AMERİKAN MERKEZ BANKASI(FED)-AVRUPA MERKEZ BANKASI(ECB) ve TCMB
Avrupa’nın tam anlamıyla toparlanamaması ve ABD Merkez Bankası’nın (FED) ileriye dönük politikasının netleşmemesi, bütün ekonomilerde ve özellikle de gelişme yolundaki ülkelerde belirsizlik ve kararsızlık yaratmaya devam etmektedir.
Avrupa’nın durumu kriz dönemine göre daha iyidir. Finans piyasalarında beklentiler olumluya dönmüştür. Büyüme işaretleri görünmektedir ama kalıcılığı tartışılır haldedir. İşsizlik önlenememektedir.
Euro Bölgesindeki bankaların tek elden ve Avrupa Merkez Bankası’nca düzenlenmesi, gözetlenmesi ve denetlenmesi kabul edilmiştir. Bir başka ifade ile parasal birlik için bir reform yapılmasına çalışılmaktadır. Sermaye eksikliği olan bankalara ek sermaye konulması, bazı bankaların batmasına izin verilmesi ve ortaya çıkacak zararın karşılanması için bir ortak fon oluşturulması öngörülmektedir ama fonun kaynakları hakkında bir mutabakat yoktur. Kuzey Ülkeleri ve başta Almanya, fonun yükünün kendi üzerlerinde kalmasını istememektedir. Özetle, Avrupa’nın durumu önceki yıllara göre daha iyidir ama krizden çıkıldığını söylemek için vakit erkendir.
Avrupa ülkeleri hem ihracatımız ve hem de doğrudan yabancı yatırımlar açısından çok önemlidir. Bu ülkelerin ekonomik açıdan düzlüğe çıkamaması bizi de olumsuz yönde etkilemektedir.
FED’in politikaları ise tam bir belirsizlik yaratmakta ve farklı yorumlara yol açmaktadır.
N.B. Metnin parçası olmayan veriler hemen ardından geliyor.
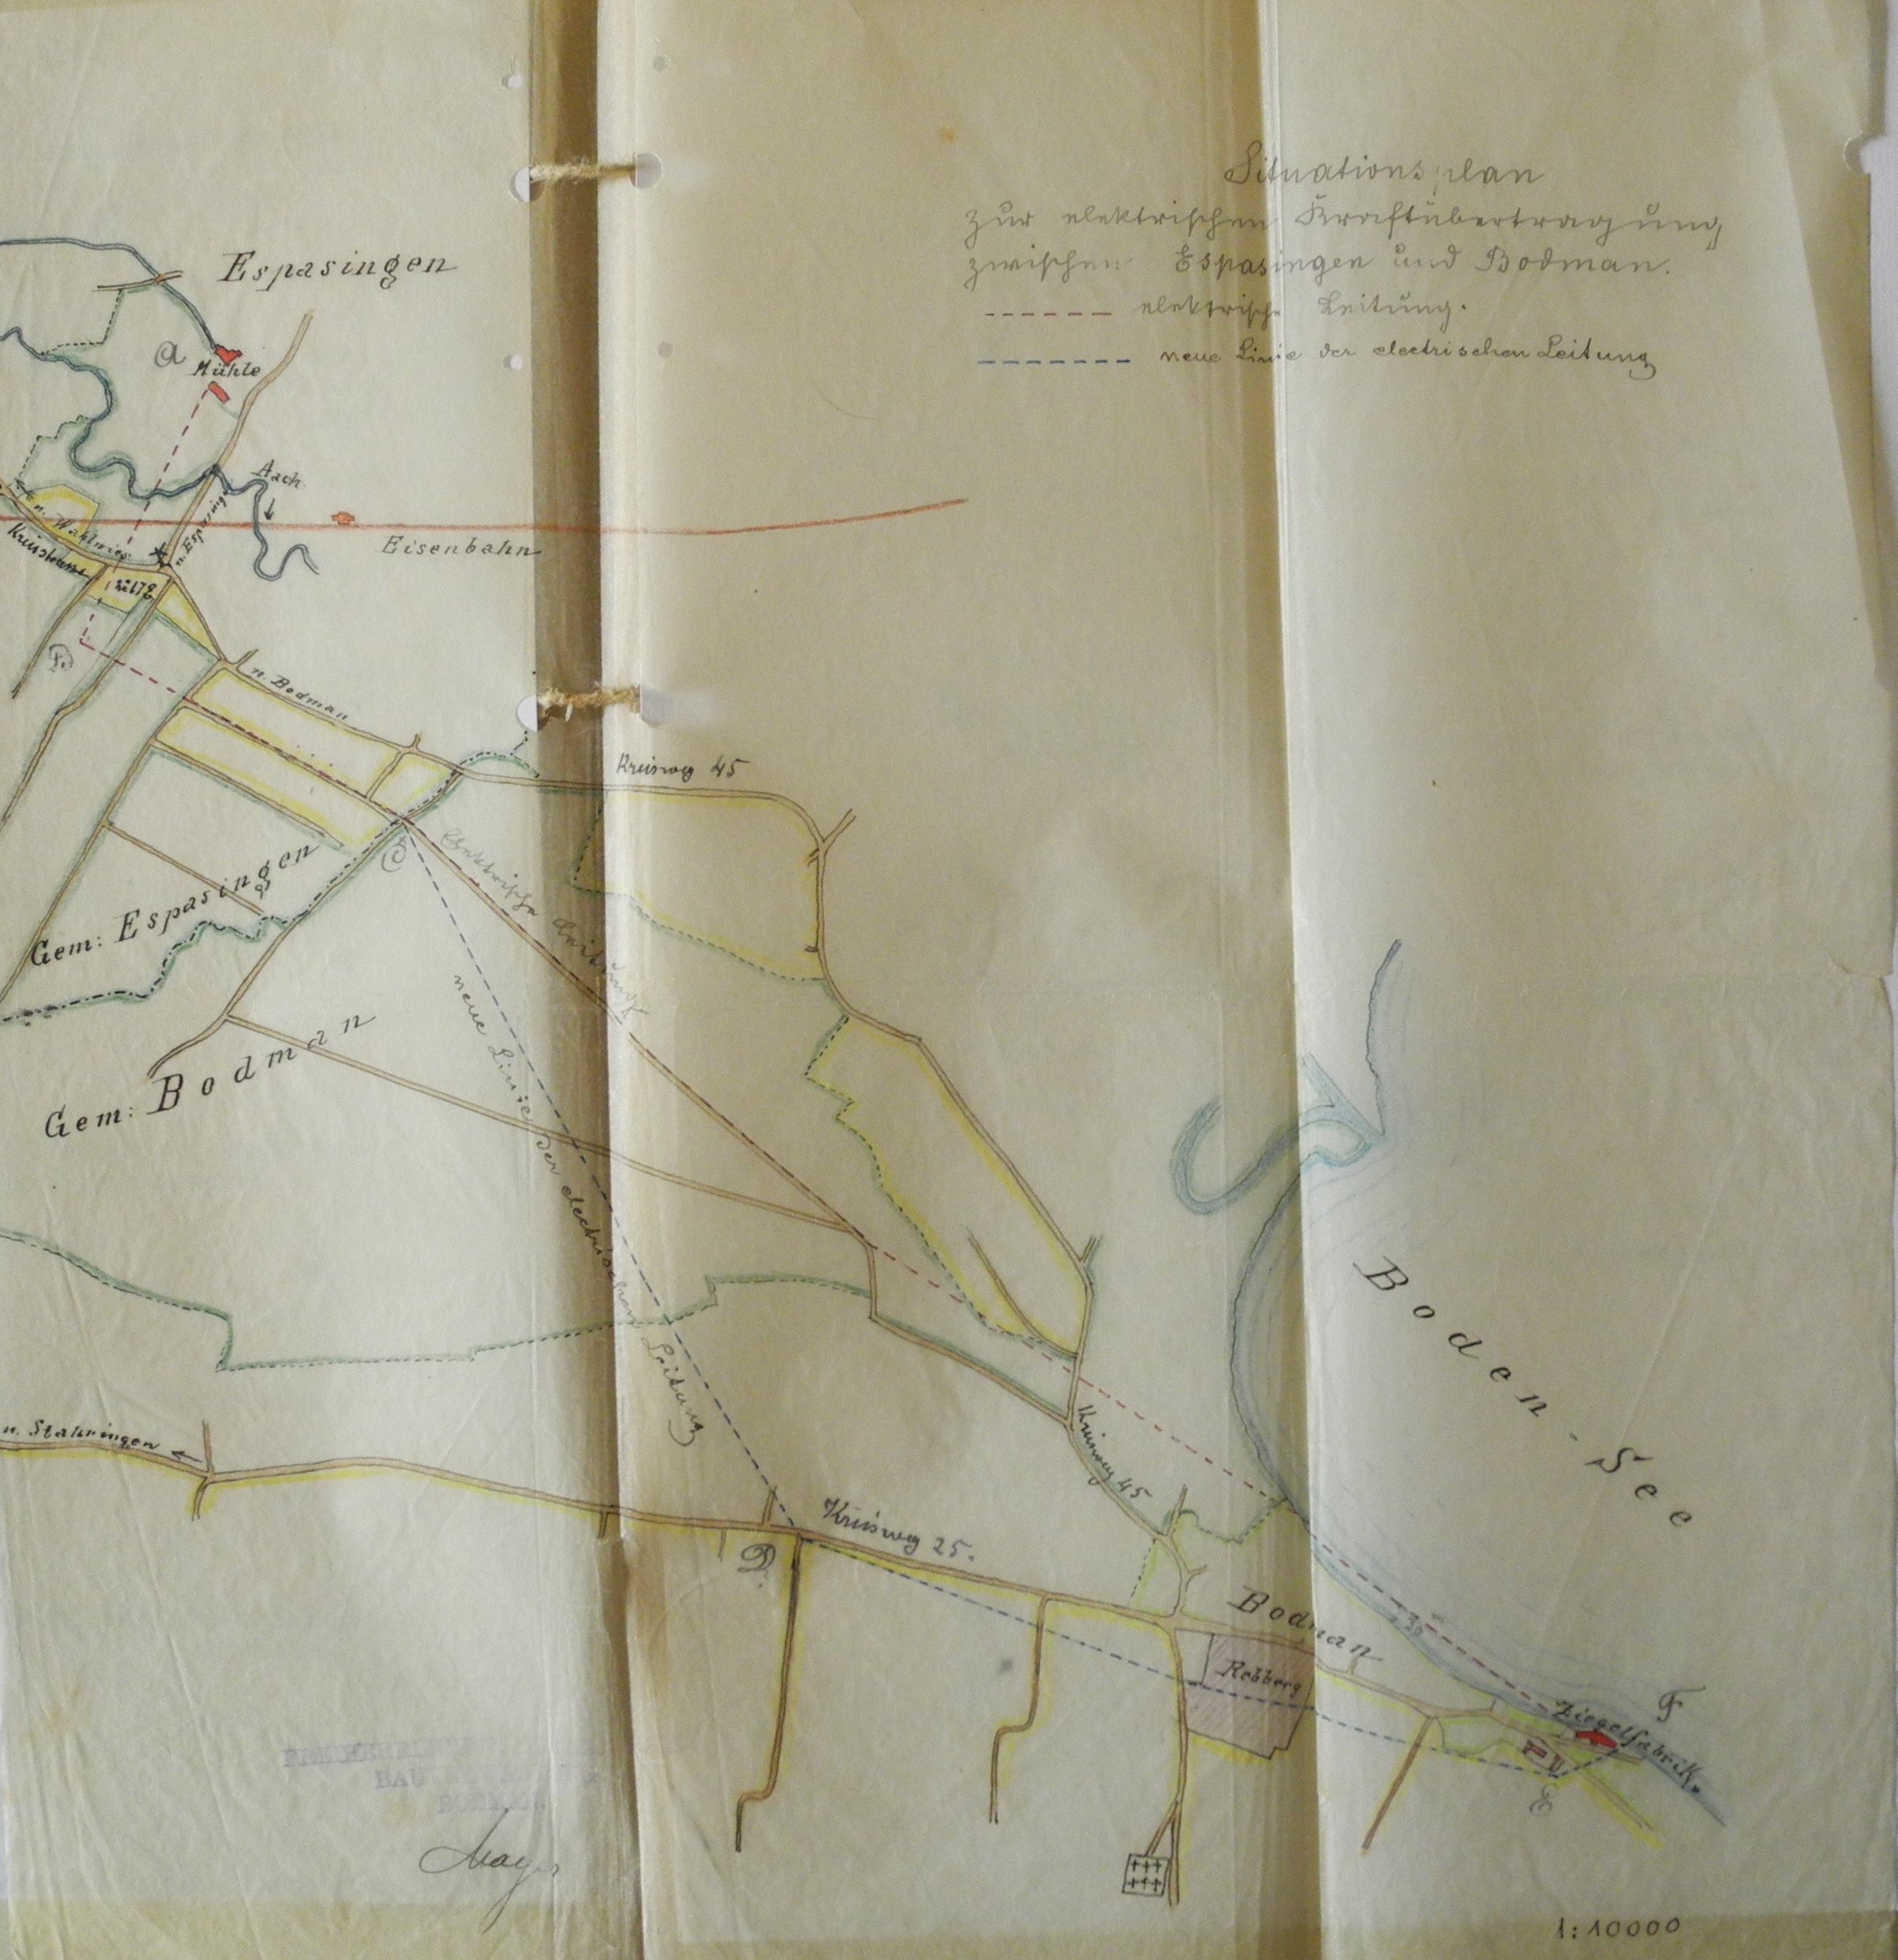  Plan für verschiedene Routen der Stromleitung zwischen Espasingen und Bodman ca. 1898, Gräflich Bodmansches Archiv, A 1286 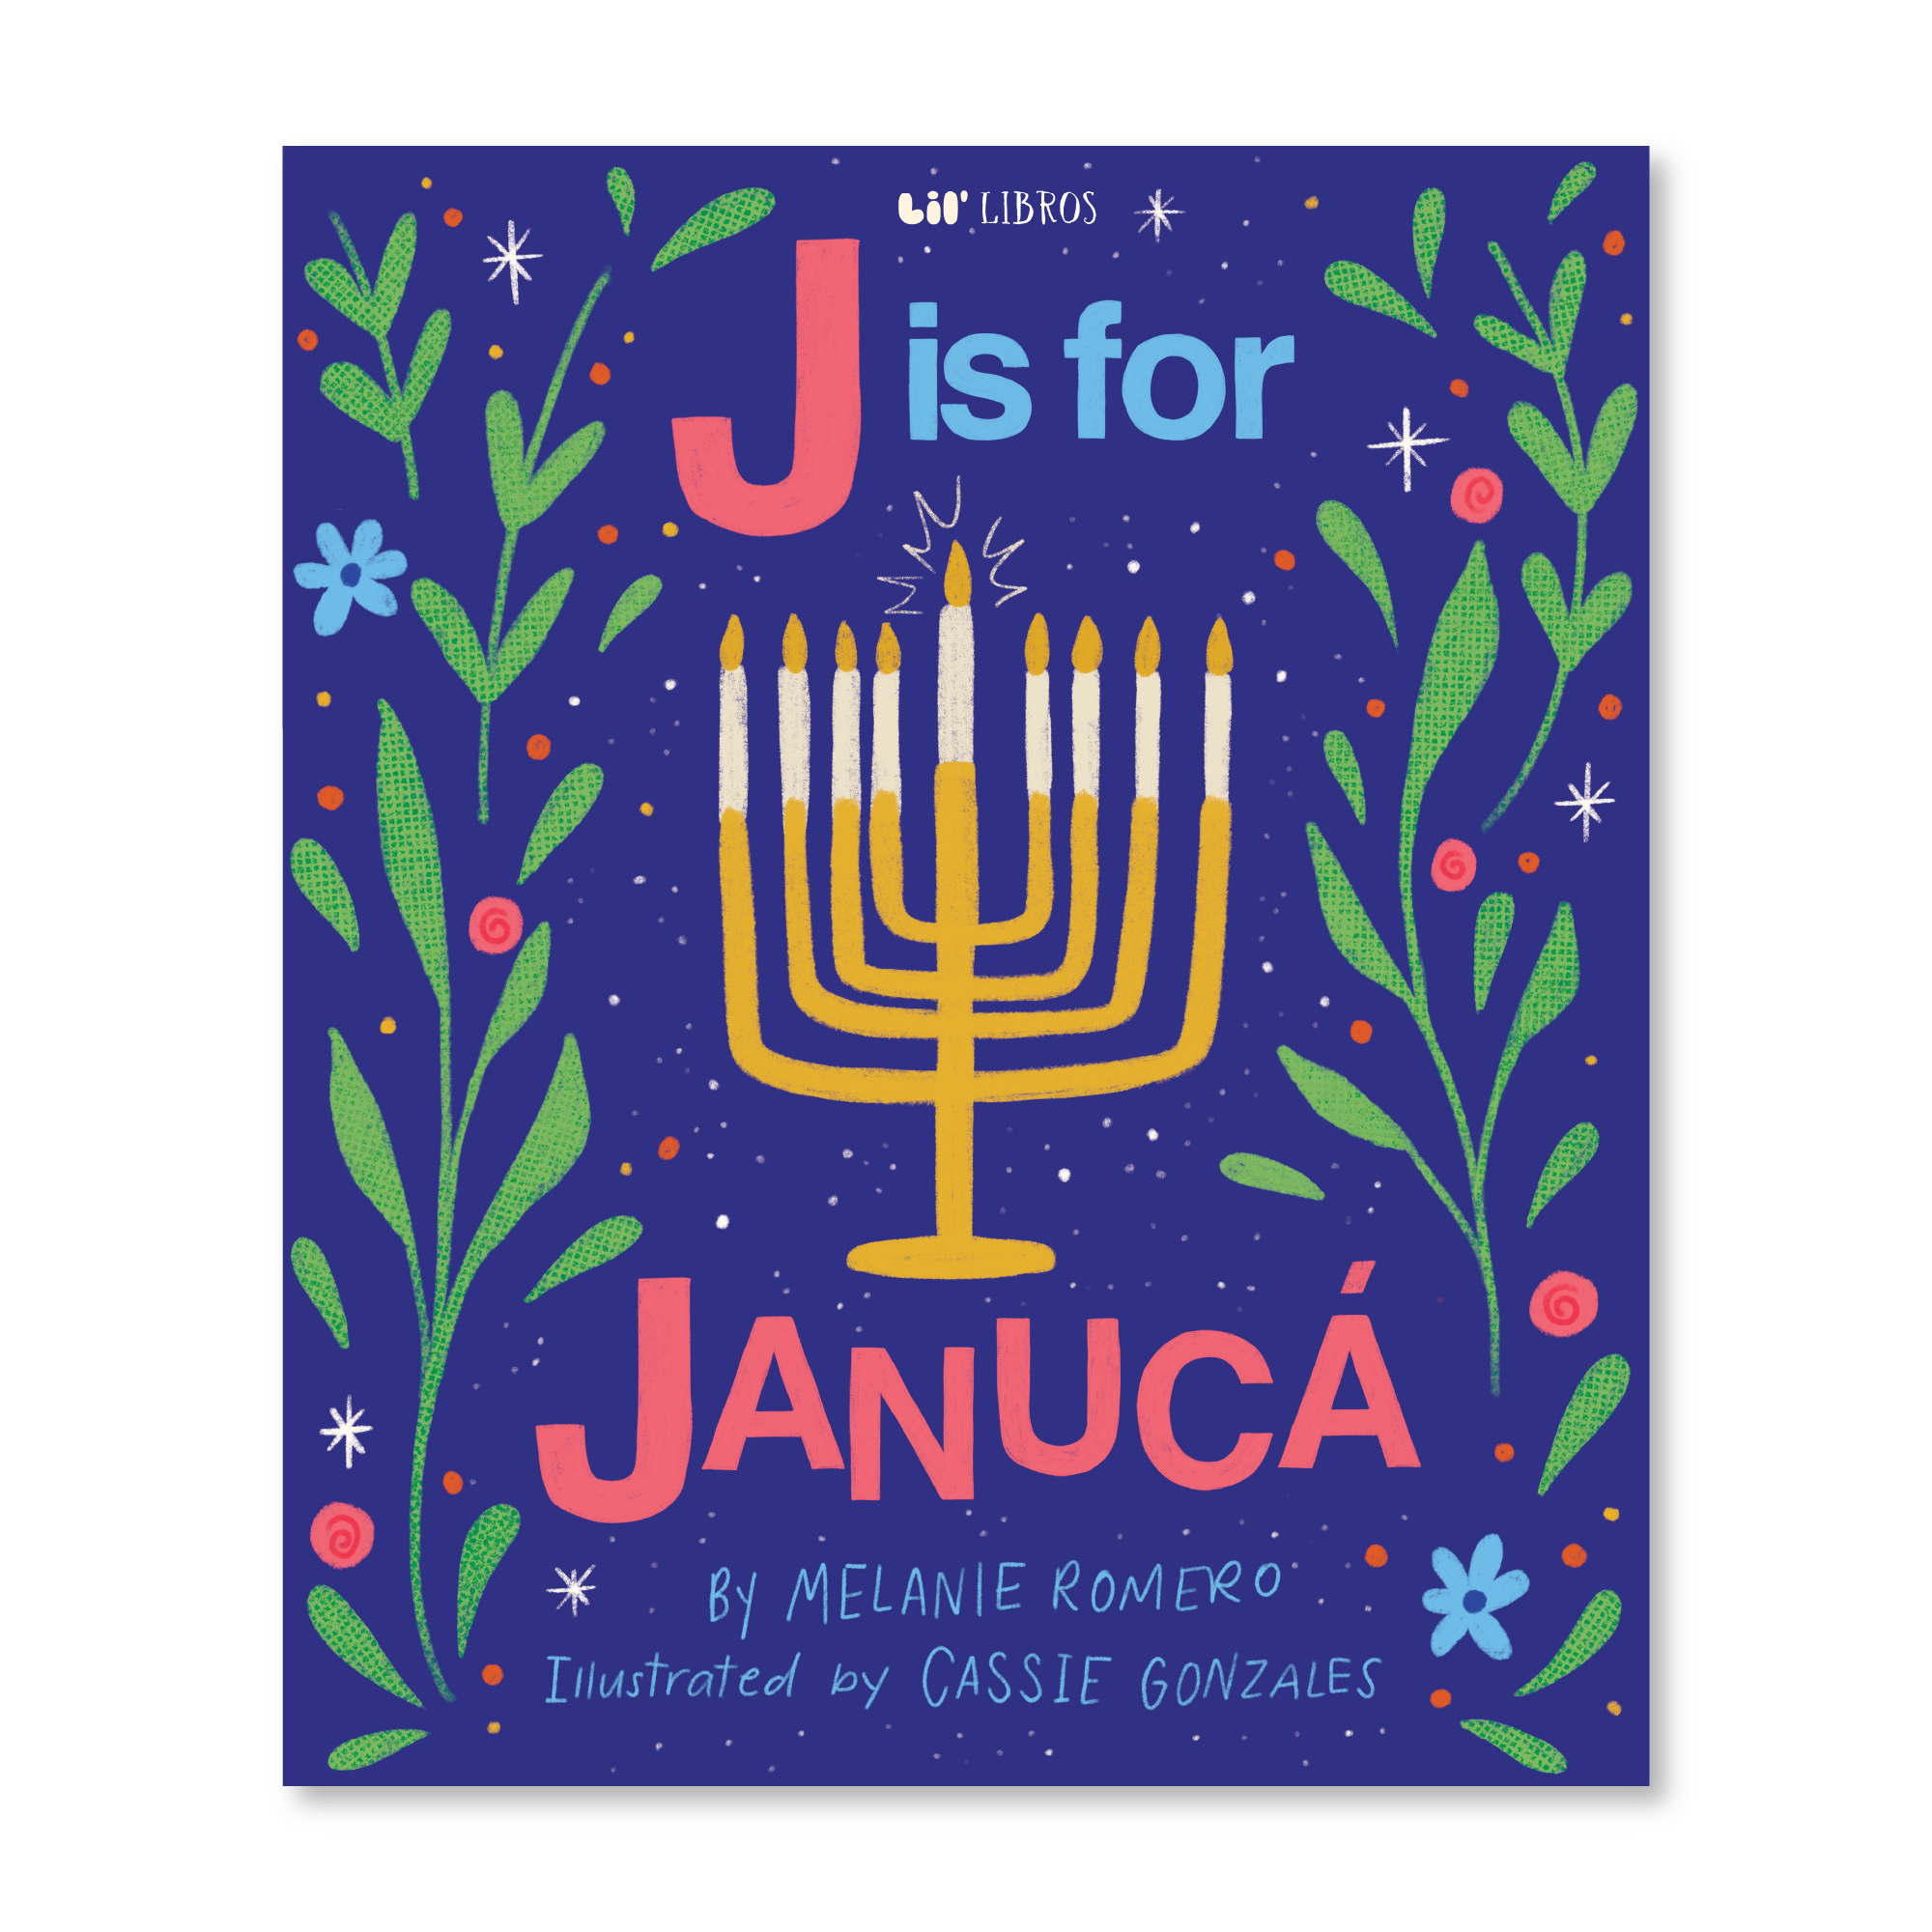 J is for Janucá

Banka’nın açıklamaları düz bir yoruma tabi tutulursa, her ay yapılan 85 milyar dolarlık tahvil alımları devam edecektir. Politika değişikliği için daha fazla ekonomik veri gereklidir. Bu durumda parasal genişleme politikasından çıkış en erken gelecek yılın ilk çeyreğinden sonra başlayacak ve faiz artışları 2015 yılından sonra uygulamaya girecektir. Yani bol ve ucuz para dönemi daha bir süre devam edecektir. Türkiye dahil gelişme yolundaki ülkeler için bu bir avantajdır, Çünkü büyümelerini finanse etmekte ve cari açıklarını kapatmakta zorlanmayacaklardır.
Ancak farklı, hatta tam aksi yorumlar da vardır. Buna göre FED, Aralık veya Ocak ayında çıkış stratejisini başlatabilecektir. Bütçe ve borçlanma limiti üzerinde Demokratlarla Cumhuriyetçiler arasında Aralık ayında bir mutabakat sağlanması halinde, parasal genişlemeden çıkış daha kolay olacaktır. Çünkü ABD ekonomisindeki veriler daha olumlu hale gelebilecektir.
Gerek ABD ve gerekse AB’ndeki gelişmeler doğal olarak Türkiye’yi yakından etkilemektedir. Merkez Bankası, para politikasında bir değişiklik yaparak sıkılaştırmaya ve örtülü bir faiz artışına gitmek zorunda kalmıştır. % 4,5 olan politika faizinden para vermeyi sınırlandırmış ve ağırlığı %6,75 olan koridor faizine vermiştir. Böylece ortalama faizi yaklaşık % 6,5 e yükseltmiştir. Merkez Bankası yıl sonu enflasyon tahminini de %6,2 den, % 6,8 e çıkarmıştır ama birkaç gün sonra yayımlanan Ekim ayı enflasyon rakamları bu tahminlerin gerçekleşmesinin neredeyse imkansız olduğunu göstermiştir.
Bundan sonra olabilecekler bellidir. Türkiye, birçok ülke gibi, FED politikalarının netleşmesini bekleyecektir. Ülkede yapılacak seçimlerin ekonomiye yapacağı etkiyi bekleyecektir. Bölgedeki gerginliğin alacağı şekli bekleyecektir. Ekonomi yönetiminin, karar alırken ne ölçüde gerçekçi davranacağını bekleyecektir.